** Opening Data extract block **

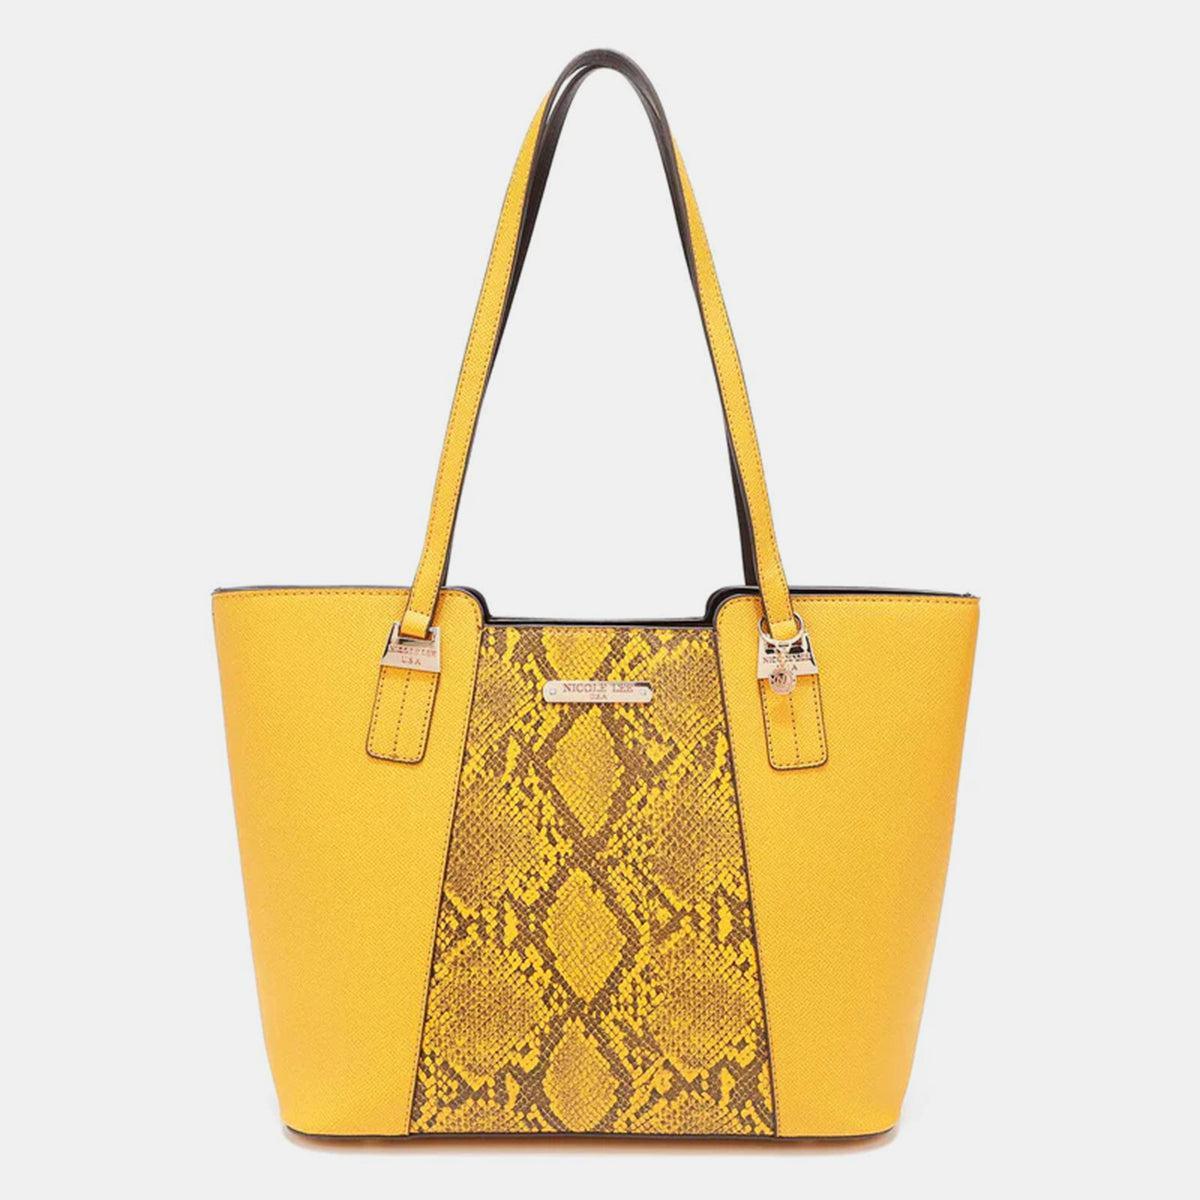 a yellow handbag with a snake skin pattern
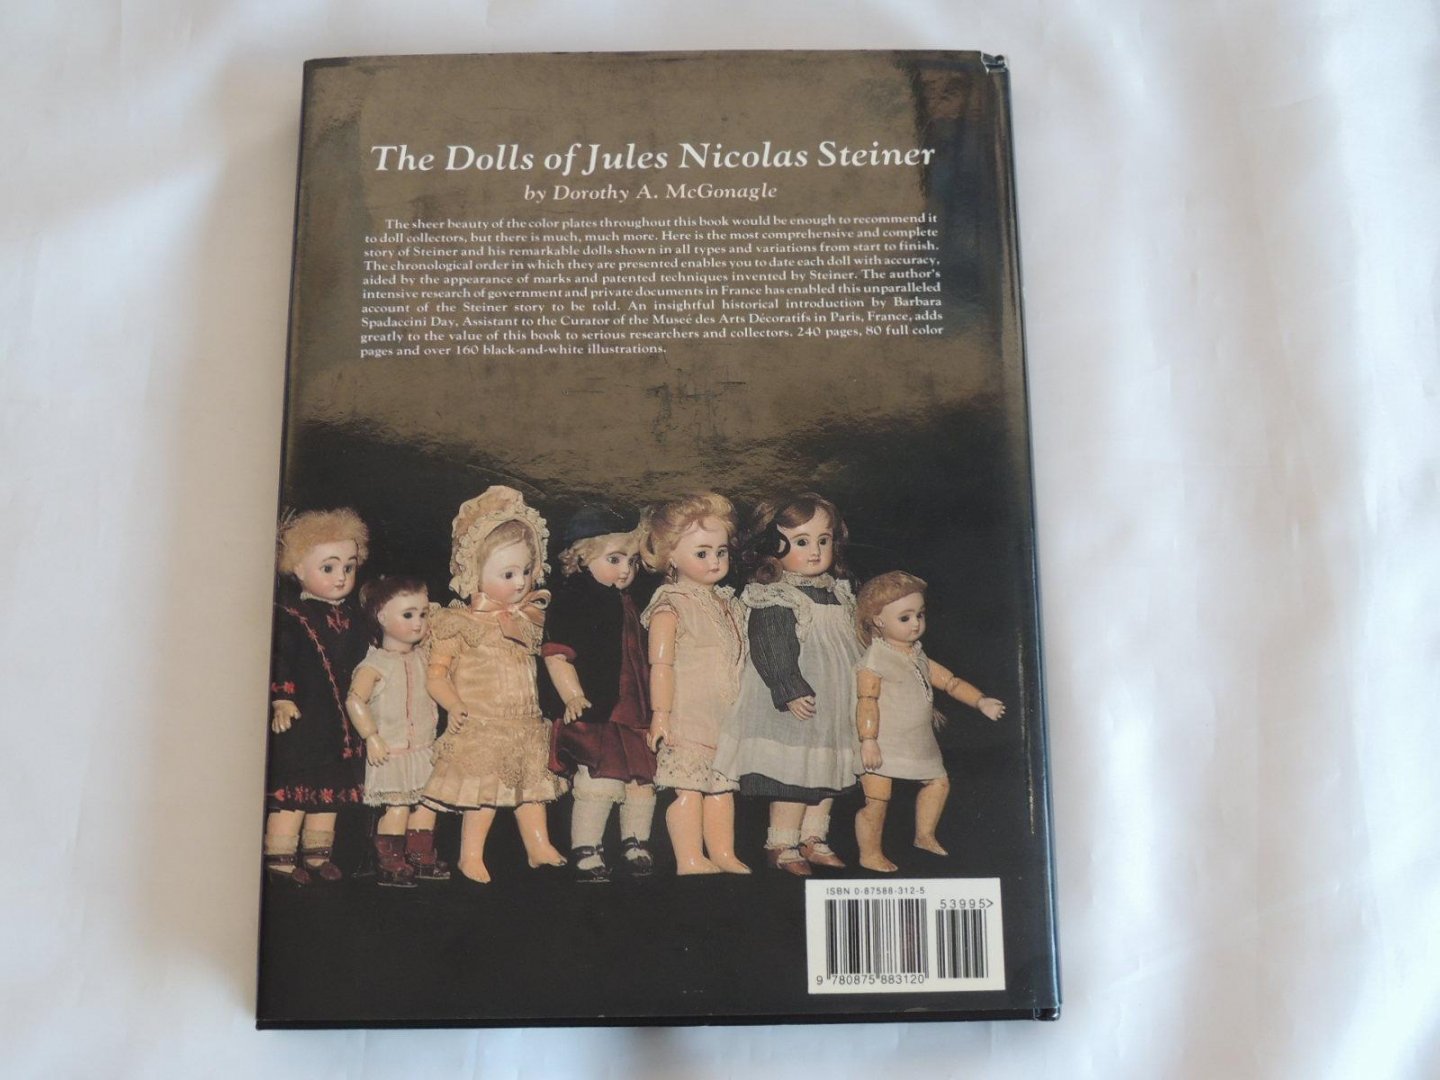 Dorothy A McGonagle Mc Gonagle - Barbara Spadaccini Day - The dolls of Jules Nicolas Steiner
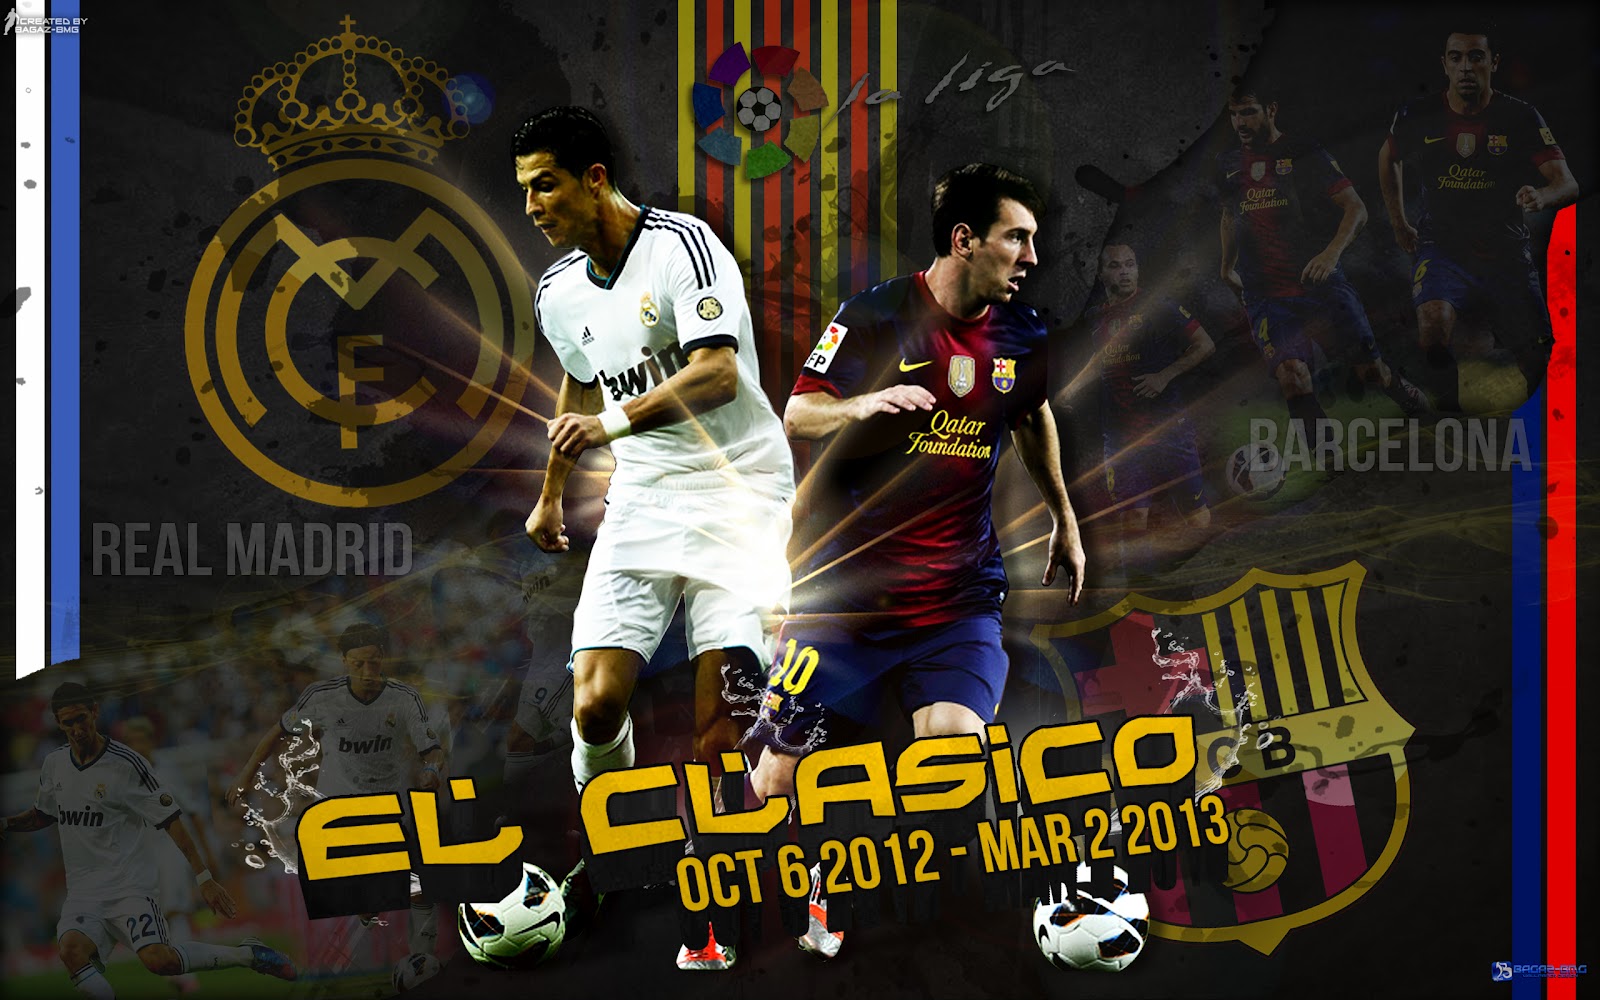 https://blogger.googleusercontent.com/img/b/R29vZ2xl/AVvXsEgT5CruUEVqNo9J0rtats2n7I9yY6oh1ic2meKo6jp8mycRzSq30aEoTR1C1tQSEOdQdN3JOuCGq6BOnGOZS6aXoiyhqyZt1D2B_R5fRXZLdPbsNnGJVrsba3tW8P_r1Wl4xw6zBg8m2MD5/s1600/EL+Clasico+FC+Barcelona+vs+Real+Madrid+2013+Wallpaper+HD+Lionel+Messi+and+Cristiano+Ronaldo.jpg

** Closing Data extract block **

* _Prompt_
What this calls for is a word-for-word copy of the listing above, pictures excluded.

* _Result for this exercise_
 a yellow handbag with a snake skin pattern
 Dorothy A McGonagle Mc Gonagle - Barbara Spadaccini Day - The dolls of Jules Nicolas Steiner
 https://blogger.googleusercontent.com/img/b/R29vZ2xl/AVvXsEgT5CruUEVqNo9J0rtats2n7I9yY6oh1ic2meKo6jp8mycRzSq30aEoTR1C1tQSEOdQdN3JOuCGq6BOnGOZS6aXoiyhqyZt1D2B_R5fRXZLdPbsNnGJVrsba3tW8P_r1Wl4xw6zBg8m2MD5/s1600/EL+Clasico+FC+Barcelona+vs+Real+Madrid+2013+Wallpaper+HD+Lionel+Messi+and+Cristiano+Ronaldo.jpg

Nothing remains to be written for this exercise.